Hash-chained append-only log. Every entry is signed by the actor; tampering breaks the chain visibly.

Human Approver

Containment actions require an Ed25519-signed human decision. Approve or deny; the decision itself is logged.

How it works

PASS path — control check succeeds

PASS path sequence diagram: validator checks control, retrieves authoritative text from NIST corpus, evaluates target, hands off to reporter, reporter summarizes — no containment triggered.

The validator pulls control text via the PDP-gated NIST corpus, evaluates the target's configuration, and produces a finding. The reporter summarizes. Every message is signed and logged. No containment is needed; no human prompt fires.

Containment path — control check fails

Containment path sequence diagram: validator flags failure, reporter proposes containment, human is prompted to approve or deny, signed decision is logged, action only runs if approved.

When a check fails, the reporter doesn't act on its own. It proposes a specific containment action and waits. The human prompt fires; the human's signed approval (or denial) is recorded; only an approved action runs. The model proposes, the human authorizes, the audit log proves both.

What this demonstrates

Per-agent cryptographic identity

Each agent has its own Ed25519 keypair. Every action it takes carries its signature. No agent can act as another.

Inter-agent authorization

An explicit Policy Decision Point sits between agents and resources. Authorization is a layer, not a prompt instruction.

RAG-grounded controls

NIST 800-53 control text is retrieved at check time via LlamaIndex + Qdrant — never hardcoded, never assumed from training data.

Human-in-the-loop containment

High-consequence actions require a signed human decision before execution. The model proposes; the human authorizes.

Tamper-evident audit

Hash-chained append-only log with per-entry signatures. The log is the source of truth for what happened — and tampering with it leaves visible evidence.

Try the demo

An interactive replay of the workflow. Pick a path, step through manually or auto-play, approve or deny the containment proposal. Runs entirely in the browser — no backend, no install.

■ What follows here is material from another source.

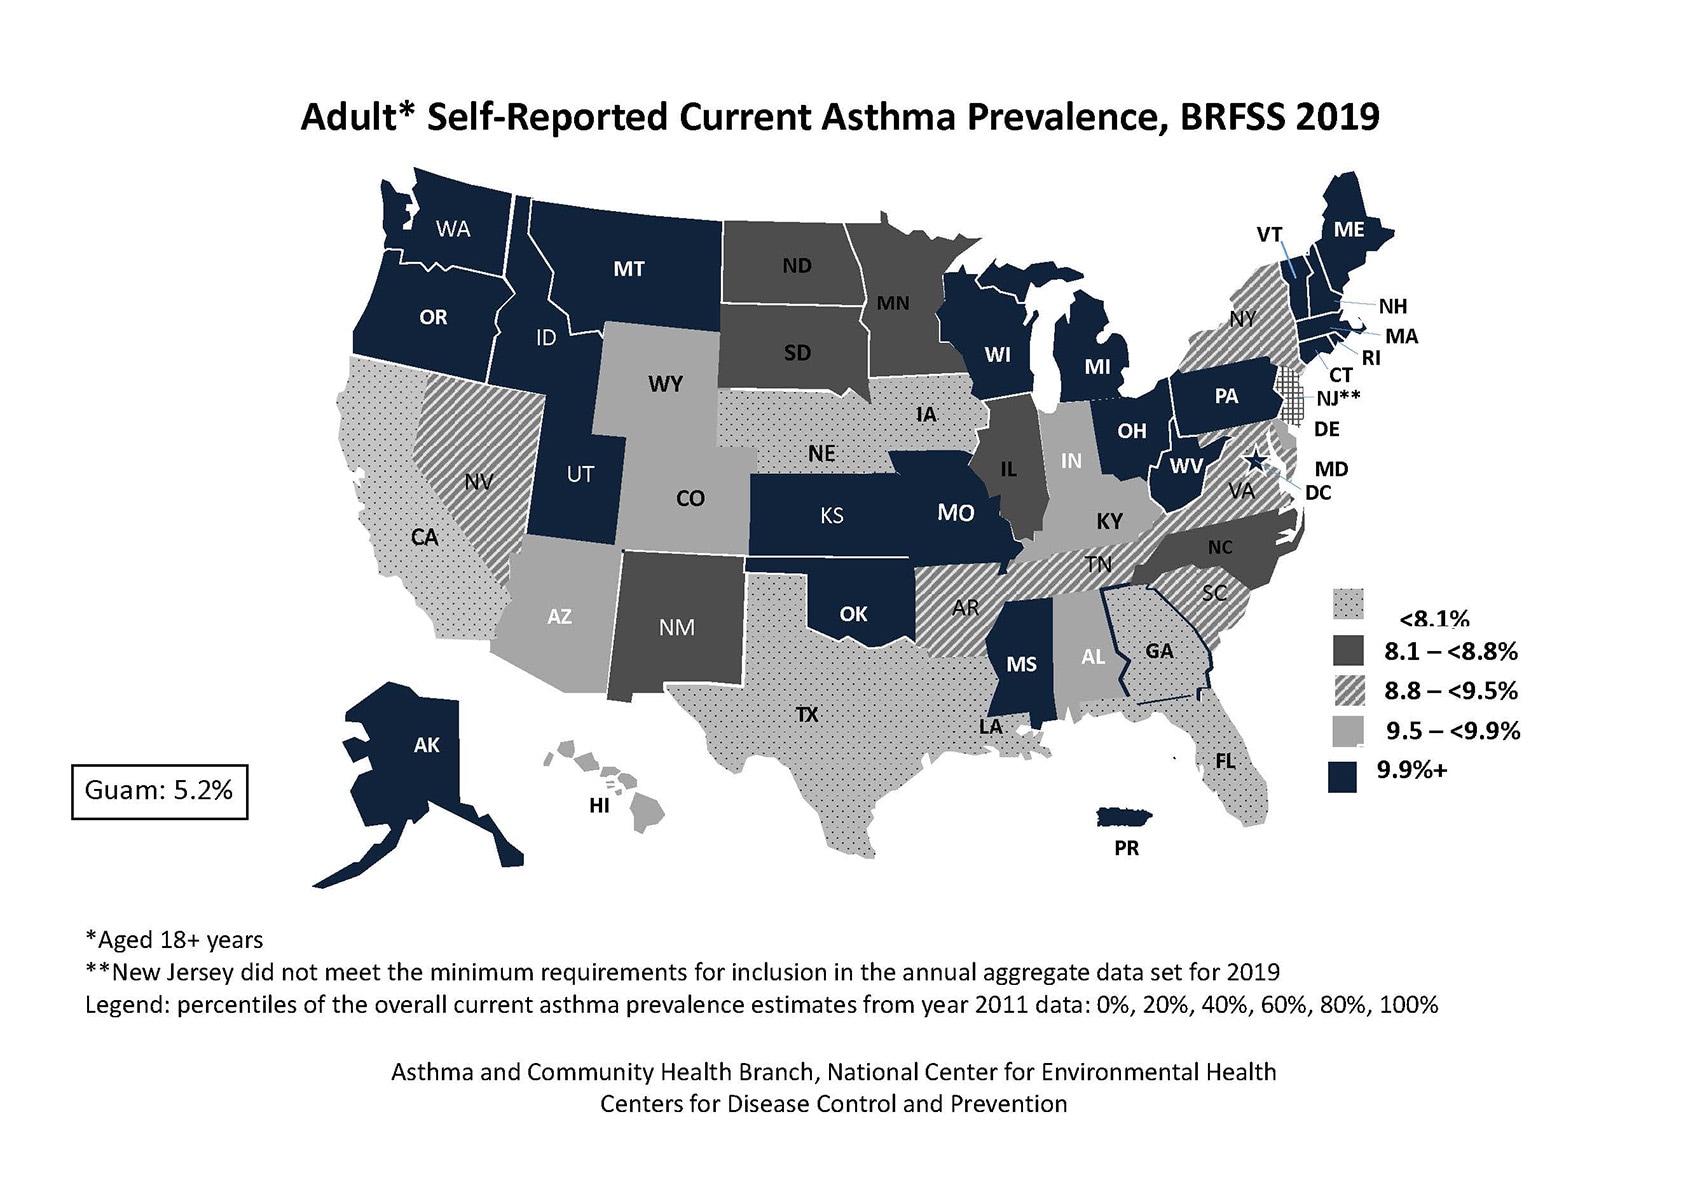 Black and white U.S. map showing adult self-reported current asthma prevalence by state for BRFSS 2019

Compliance Lab dashboard showing workflow DAG, agent bar, phase detail, and audit trail.

Open the Demo →

Or run it locally

Full live mode with an actual local LLM (Ollama):

ollama serve
ollama pull llama3.2:3b
ollama pull nomic-embed-text
uv sync --group dev
uv run python scripts/demo.py

Source on GitHub.

Stack & scale

Stack

LangGraph AutoGen LlamaIndex Qdrant Ollama FastAPI Ed25519

Scale

76 tests 20 controls 4 slices 2 agents

What's not here

This is a research prototype, not a product. The control corpus is 20 paraphrased entries, not all 800+. The targets are fabricated synthetic configurations, not real production systems. The crew is two agents, not the larger ensemble that a production deployment would need. The IP firewall is the reason: public artifacts only, full separation from any client engagement. The architecture decisions (identity, authorization, audit, human-in-the-loop) generalize; the specific scope is intentionally small.